→ **Assignment**
For this exercise, return exactly the lines of the material below that begin at the one with "FLAMELESS VOTIVE SET" and stop after the one with "REMOTE EACH".

→ **Information**

■ ■ ■

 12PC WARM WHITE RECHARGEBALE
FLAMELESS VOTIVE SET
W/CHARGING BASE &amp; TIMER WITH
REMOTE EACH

■ ■ ■

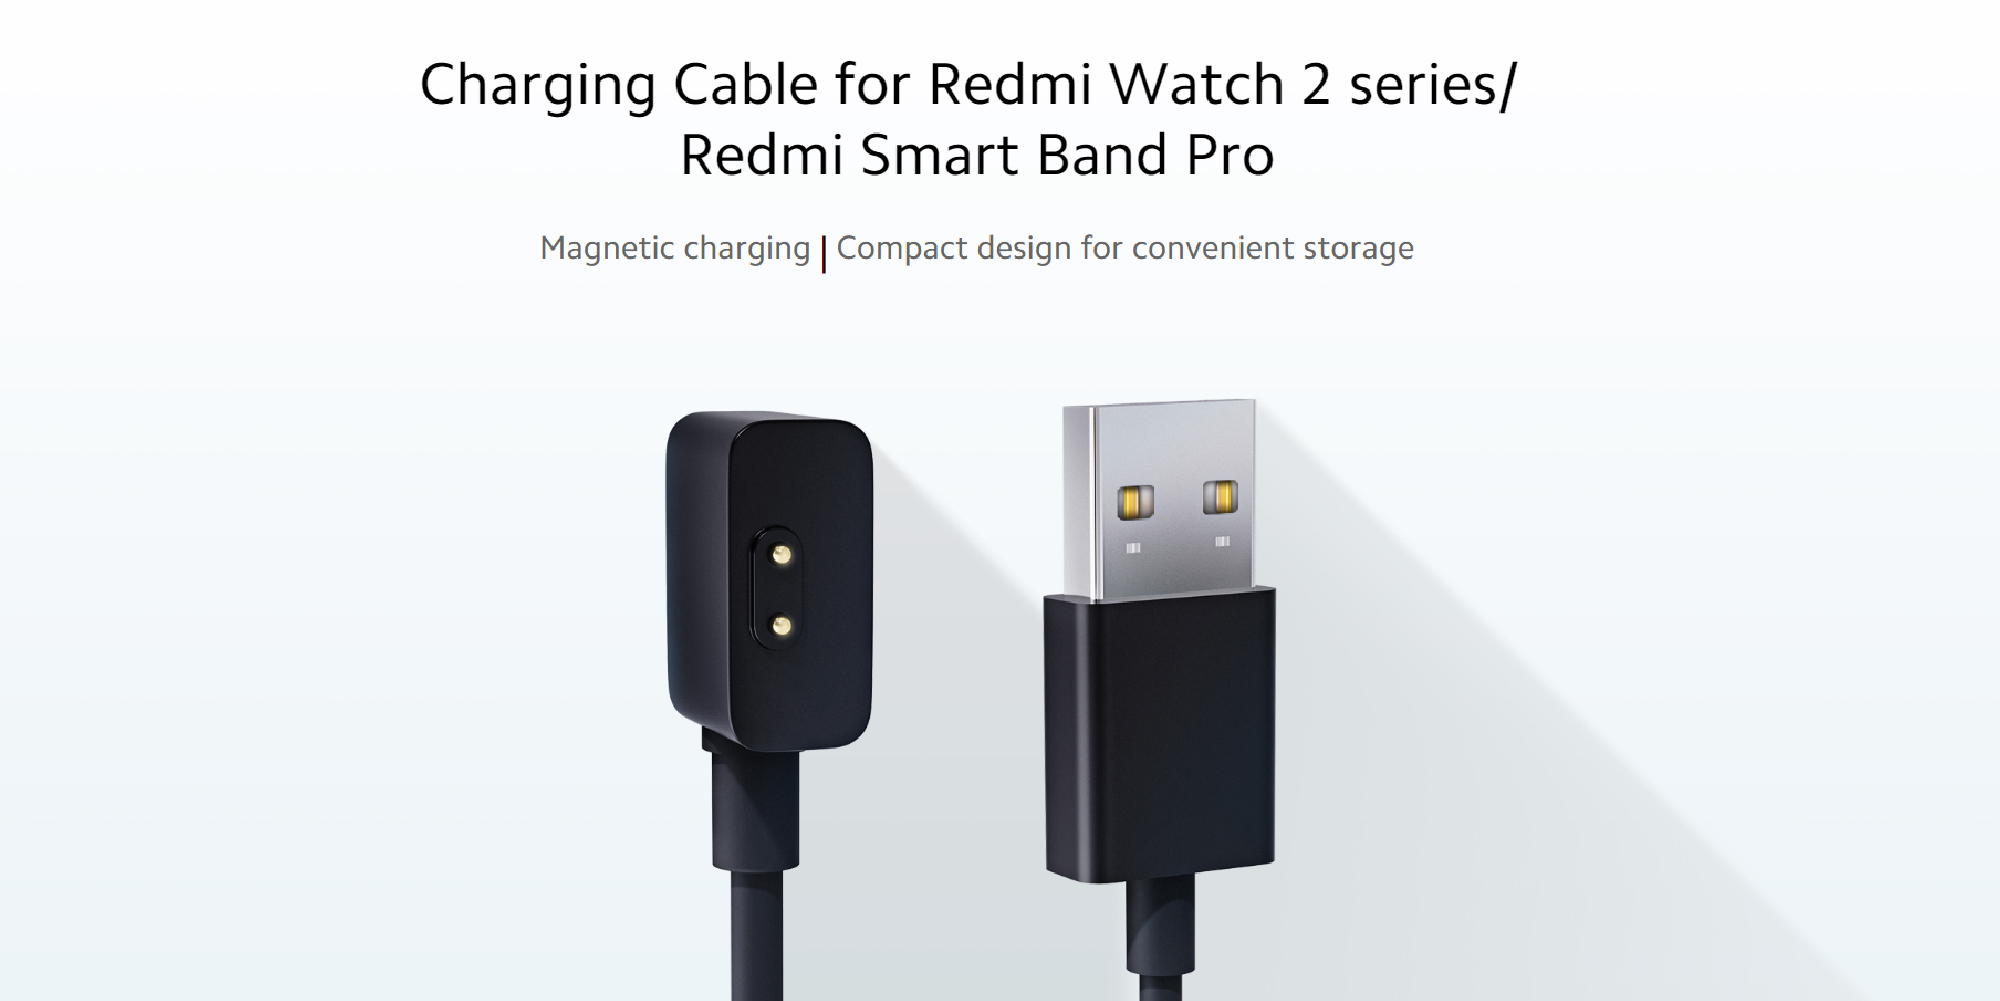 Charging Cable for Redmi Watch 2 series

■ ■ ■

→ **Result for this task**
FLAMELESS VOTIVE SET
W/CHARGING BASE &amp; TIMER WITH
REMOTE EACH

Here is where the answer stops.